I love the old expression that for every door that closes for us in life, a window opens.
Although I have to admit I used to think it was lame, especially when it was rattled by rote out of the mouths of the nuns at my school whenever anything bad happened.
But at that point I also hadn’t experienced enough of life to warrant the need for the faith that someone, or something, bigger than me could sustain my spirit with hope.
As the years have passed, life has presented its share of challenges. Now I hold the phrase close in times when it seems like the world really could come crashing down on my head. I know that it is true.
I wrote last week about divides in my family over several generations that resulted in the loss of many loving relationships. The door had slammed closed and there was nothing I could do about it. The post was sparked by the death of my godfather, a good man I hadn’t seen in almost 30 years because of one of those terrible situations.
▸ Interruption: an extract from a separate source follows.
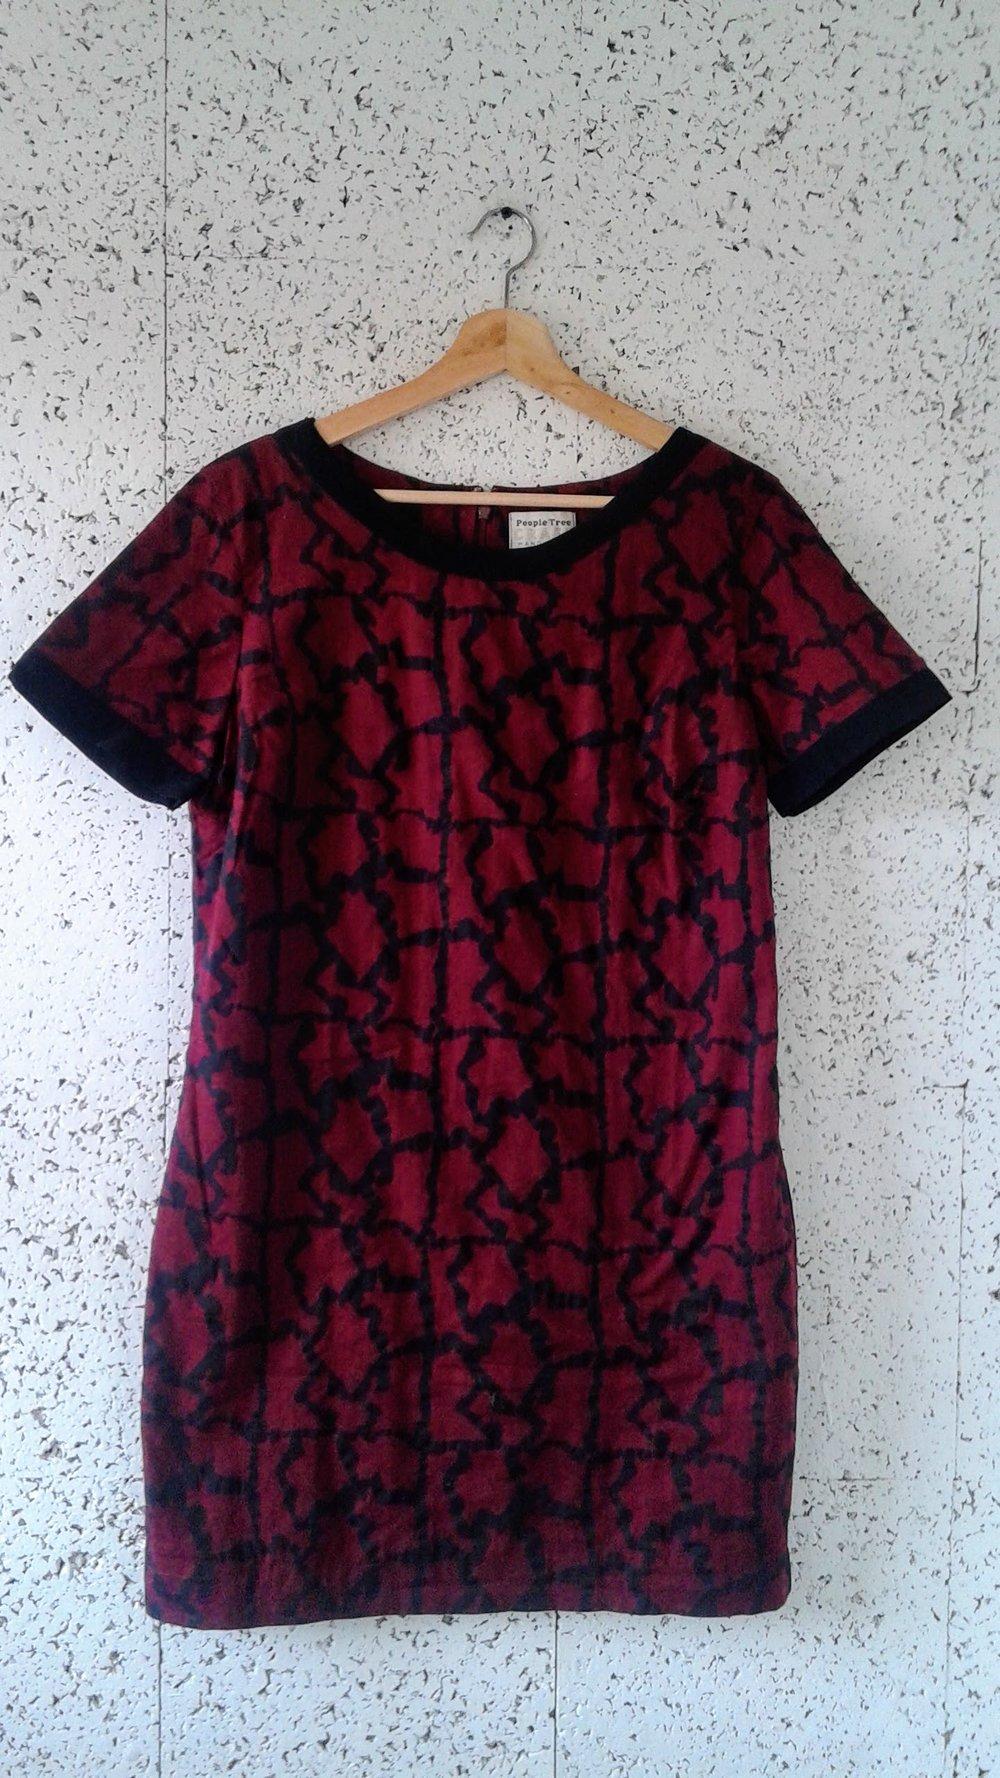 People Tree dress; Size L, $36

That’s more than half of my lifetime.
And then, to my amazement, a window began to open.
My godfather’s daughter, a cousin I haven’t seen since she was 17 and I was 22, reached out after I left an online condolence. She was a similar victim of the situation, which hadn’t involved her. Yet, like me, she had been indelibly affected by it and suffered the loss of an entire side of the family because of it.
So now we have reconnected and I’m hopeful more reconciliations may follow. But even if they don’t, I’m changed.
Taking steps to close a rift caused by others who are long dead is really like throwing open the windows on the first warm day of spring. Some old hurts may be left behind as the room fills with fresh air. But others, like this one, may reveal even more graces as they see the light of day and begin to heal.